I don’t care what brought this devil to my door. The inescapable truth is that no one crosses Palmer Gunn and lives to tell the story.

I have no reason to think I’ll be an exception.

 

 

Mr. Gunn has me delivered to an old warehouse, where he promises we can
talk as loud as we want
. Once there, the door is locked and three of his minions immediately start to work me over. No effort is made to restrain me—save for the beating itself, that is—but I doubt I’d get far anyway. I lose consciousness almost immediately, but I don’t think that stops them. When I come to, they’re still going—grunting and yapping like a pack of wild dogs—only they’ve moved from my ruined face down to my hands, snapping fingers like pretzels with their booted heels. My screams are blood-curdling, and I’m as traumatized by the sound of them as I am by the pain that spawned them.

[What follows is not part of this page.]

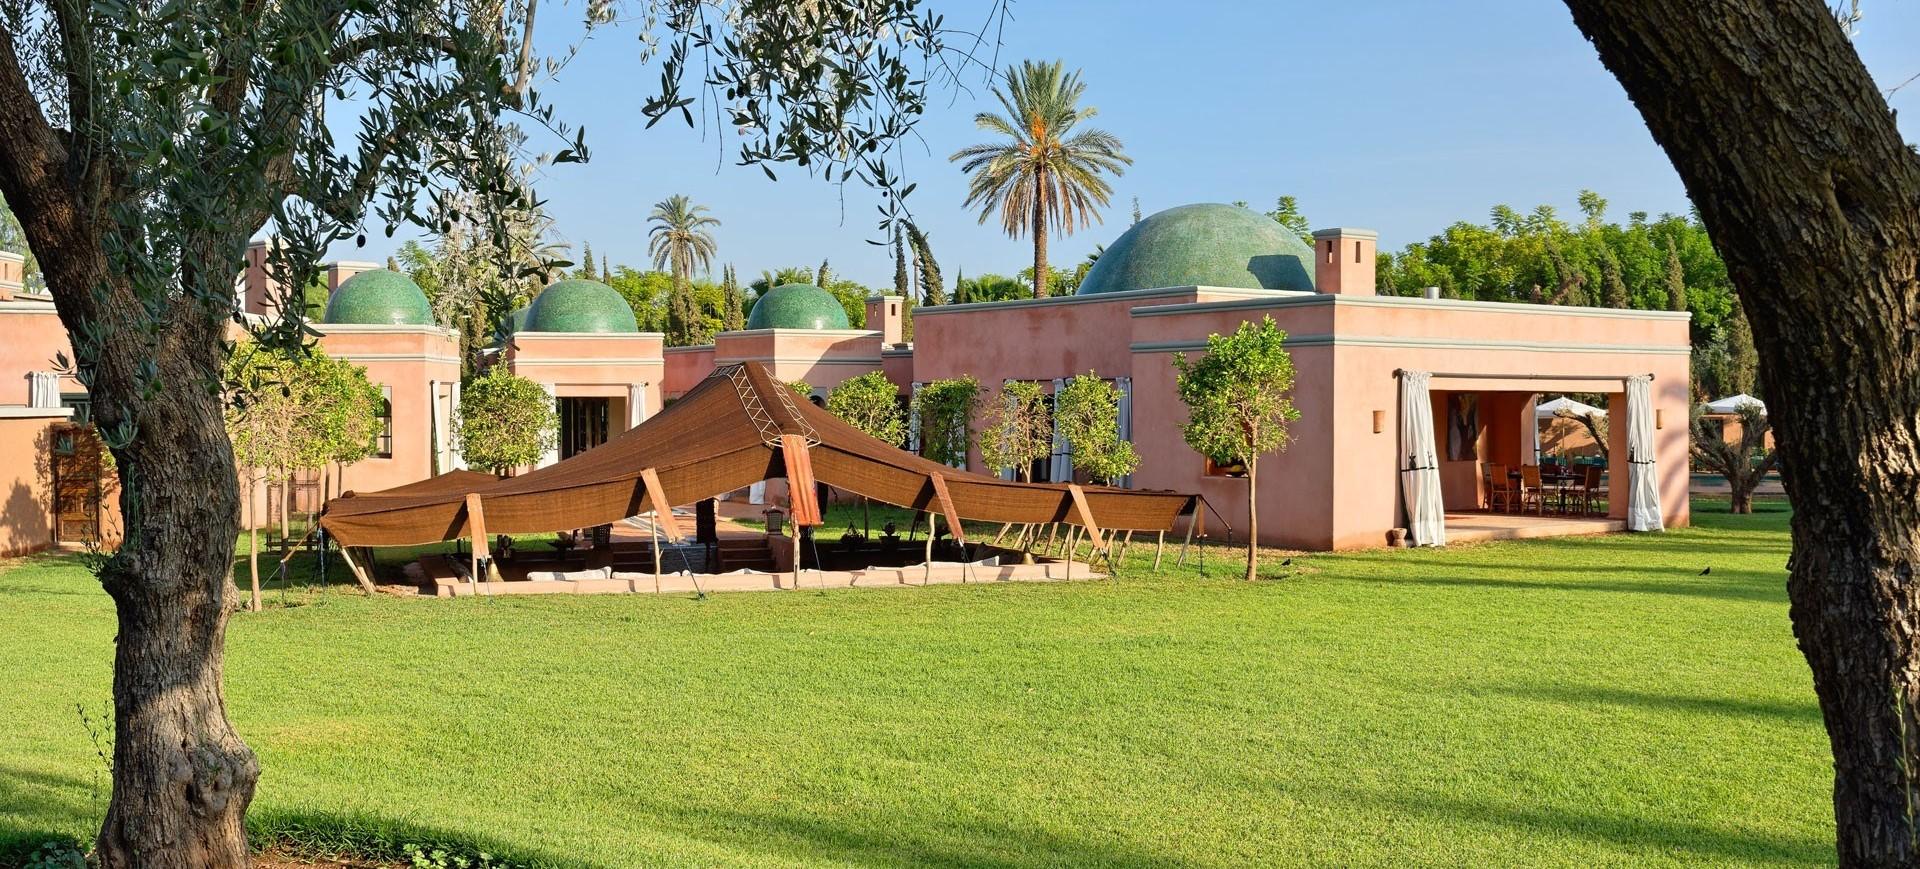 villa-azzaytouna-garden-berber-tent

Then, as suddenly as it began, the beating stops. Whimpering like a starving puppy, I try to open my eyes; one is unresponsive, but the other permits a sliver of light, just enough to see that we’re not done, merely on a break. My attackers have retreated to make way for their boss, who is standing over me again with pistol in hand. He rests the weapon against my forehead and smiles.

Despite the horror of all this, I’m not really afraid. The worst is over, after all—dying should be easy by comparison. Gunn doesn’t pull the trigger, though. Rather, he hunches at the waist and speaks—and what he has to say is far more menacing than the prospect of death.

“I’m gonna start with her toes, understand?” he says. I don’t, though my face is surely too swollen to express it. “Then I’m gonna fillet her legs, and work my way up north.”

I stare at him through the slit of my eyelid, dripping blood on the concrete floor in a steady trickle.

“And when she thinks she can’t handle any more, when she’s ready to beg me to just end it all? I’m gonna light that little hag on fire.” The gun leaves my head, though I scarcely notice. Gunn chuckles in a low, wheezing vibrato, scratching his chin with the barrel of his gun. I guess it’s too much to ask for him to pull the trigger while he’s at it. “Any idea what something like that feels like, kid?” he whispers. “To be on fire? To feel the flesh melt right off your bones?”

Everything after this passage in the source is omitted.